Теперь вы лучше уразумеете, почему я так дидактически кричу: давайте больше думать о других! Не верю, хоть вы так и думаете, что в ее смерти каким-то образом виноват и я, хотя поначалу не один однокашник намекал на это (даже мне самому бросили прямо в лицо). Не верю в это, ей-богу не верю, только все еще жаль, что тогда, в годы учебы, не раз думал, что эта девушка может что-то плохое сделать мне.

Так вот — теперь вам будет ясно, почему, едва очутившись в деревне, я женился — и женился на девушке, очень похожей на ту, о которой рассказывал. (Кстати, два раза она ко мне приезжала, и те из моей палаты, что лежат здесь давно, видели ее.) У нас родился сын, который приезжает ко мне очень часто, нам везло, мы построили дом, оба любили всякое старье, люди тогда начали жить в достатке, покупали новую мебель, а мы с женой обставили комнаты старыми шкафами, столами, стульями да сундуками. Один из шкафов, в котором висит моя одежда и одежда жены, сделан еще моим прадедом. Нам было хорошо, мальчик рос бойким и здоровым, я просто умирал со смеху, когда однажды, вернувшись с работы, мы долго искали его, обегали всех соседей, вернулись и запричитали, а он вылез из огромного, расписанного цветами сундука…

А потом мне стало худо. Поначалу заболела одна нога, потом другая.
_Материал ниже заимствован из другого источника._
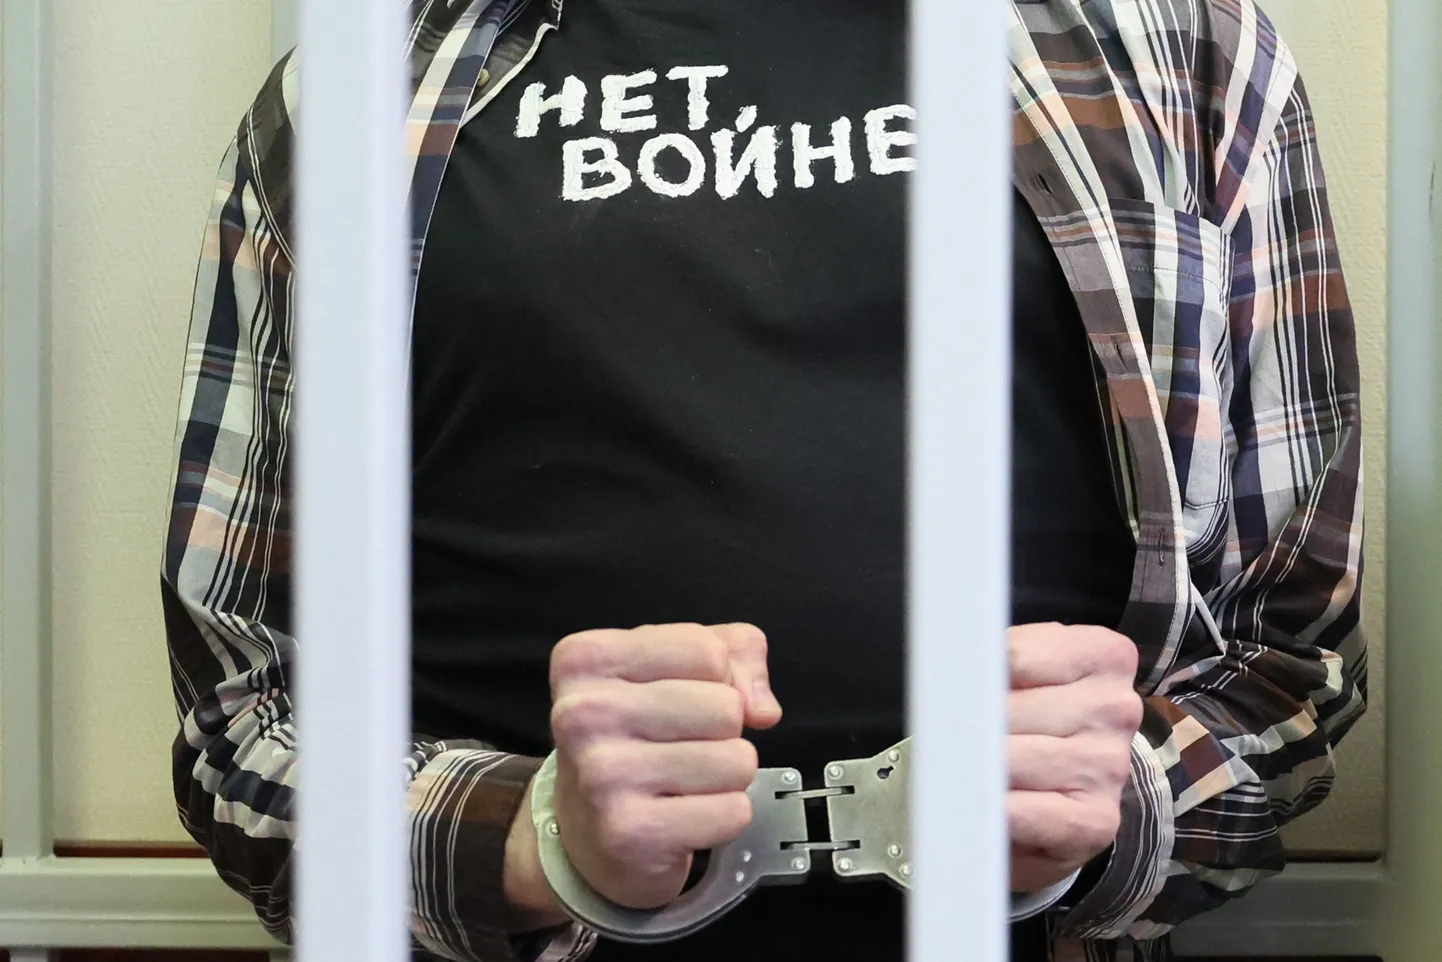 Vene ajakirjanik kohtusaalis sõjavastase T-särgiga. Venemaal on sõja algusest üha agaramalt hakatud sõjavastaseid represseerima. Foto on illustreeriv.

Врачи в райцентре лечили сами, шутили, что такой молодой, а уже ног не волокет, шутил и я, шутила жена, приехав навестить меня в районную больницу, улыбался мальчик, когда я садился на лавочку в больничном саду, а он пробовал сделать несколько шагов с моими костылями — болезнь тогда была лишь минутной шуткой, лишь остановкой, когда не успеваешь подумать о будущем.

А потом меня увезли сюда, я сердился, что, провожая меня, врачи даже не пытались шутить, увезли не совсем сюда — в другую больницу, и врачи вскоре стали втолковывать мне, что я должен решиться, что нет иного выхода, и я, постоянно и везде помня о той девушке и ее предсмертных словах, прежде всего подумал о жене: как она выдержит такой удар, как она выдержит — ведь я вернусь без ног? Вы, пожалуй, не поверите, но я говорю чистую правду — о себе я уже не заботился, может, слишком себя грыз за это время, но не заботился, не было у меня сил заботиться о себе, потому и спросил у нее. Конечно, неразумно было об этом спрашивать, но разве люди не могут говорить откровенно и в самый тяжкий час? Неужто и впрямь не могут? Не человечно ли подобное неразумие? Я спросил ее: сможет ли она жить со мной — таким? Спросил и впился взглядом в ее лицо, и она без колебаний и растерянности ответила: да. Видно, она давно уже решила, как отвечать. Глупость!.. Мой вопрос глупость — можно ли было ждать другого ответа? Неужто я не знал, что в отношениях между людьми и впрямь бытует святая ложь!.. И навещала, навещала меня, поскольку пролежал я долго, но не здесь, а в той больнице; несколько месяцев спустя меня перевезли сюда, возможно, перемену больницы следует считать психотерапией, но я-то уже все знал! Очень давно знал, еще когда лежал в районной больнице.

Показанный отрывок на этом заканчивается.